| PROVIDED MATERIAL |

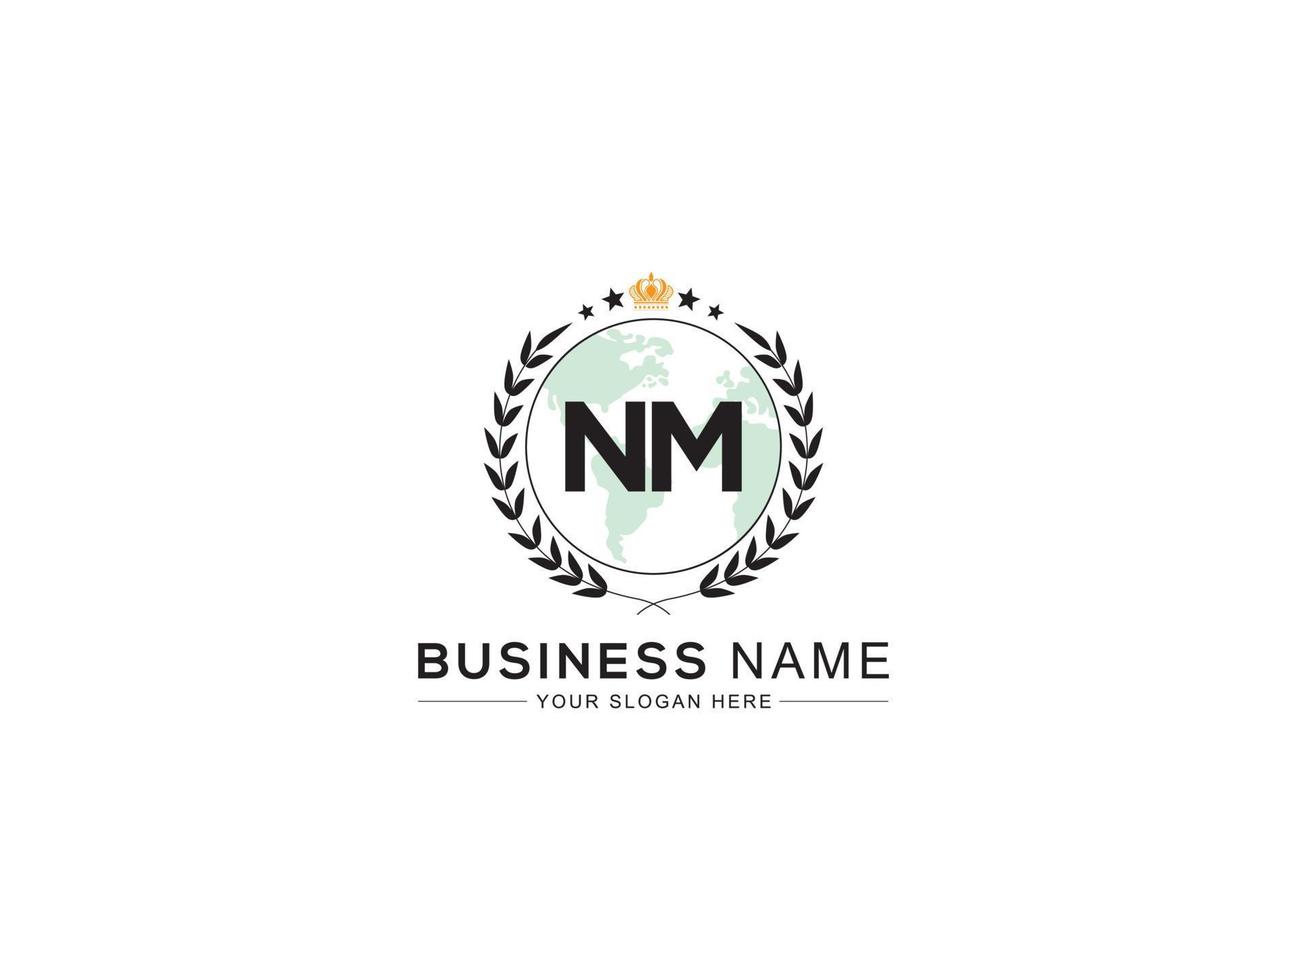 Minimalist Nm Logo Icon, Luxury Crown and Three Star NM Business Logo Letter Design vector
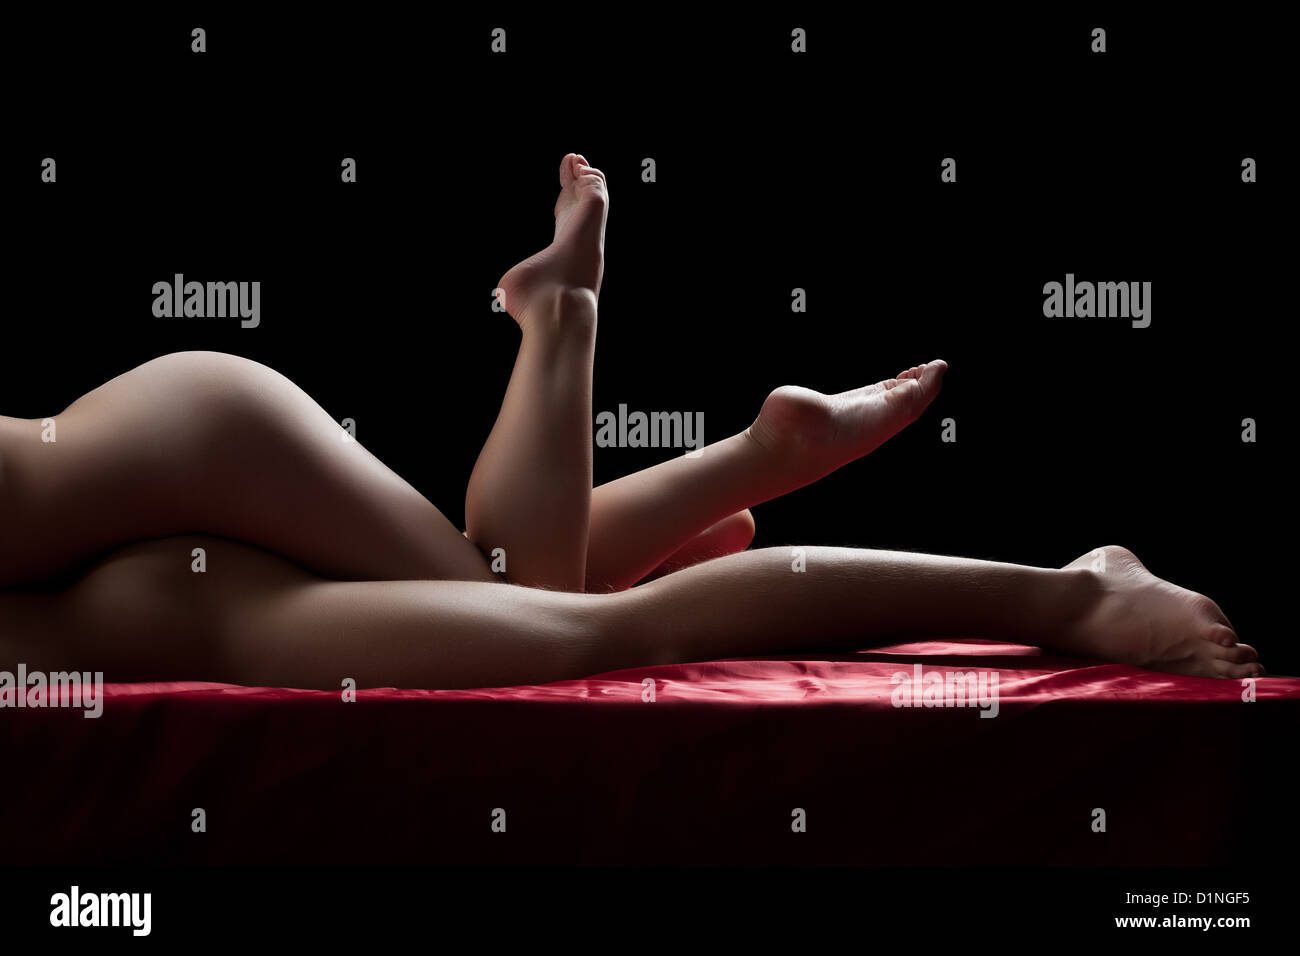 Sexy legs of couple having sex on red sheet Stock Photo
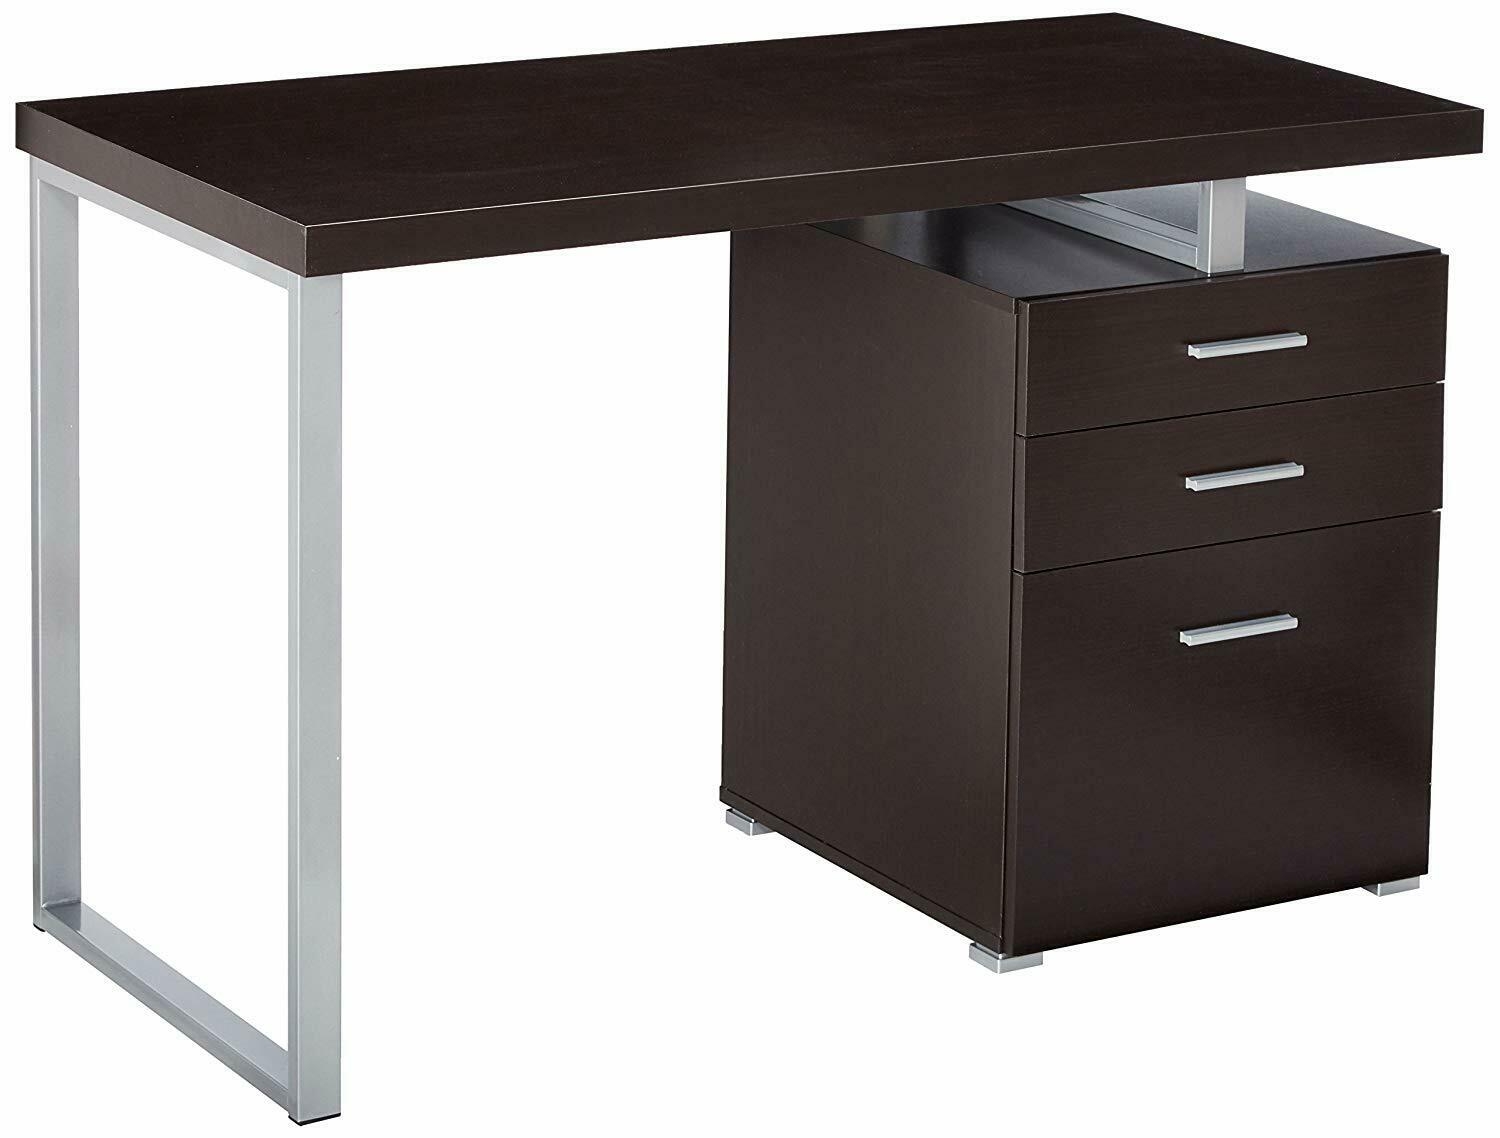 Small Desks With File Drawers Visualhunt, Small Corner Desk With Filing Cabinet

| WHAT THE TASK REQUIRES |
Reproduce the entire listing exactly, except for any pictures it contains.

| EXERCISE RESPONSE |
 Minimalist Nm Logo Icon, Luxury Crown and Three Star NM Business Logo Letter Design vector
 Sexy legs of couple having sex on red sheet Stock Photo
 Small Desks With File Drawers Visualhunt, Small Corner Desk With Filing Cabinet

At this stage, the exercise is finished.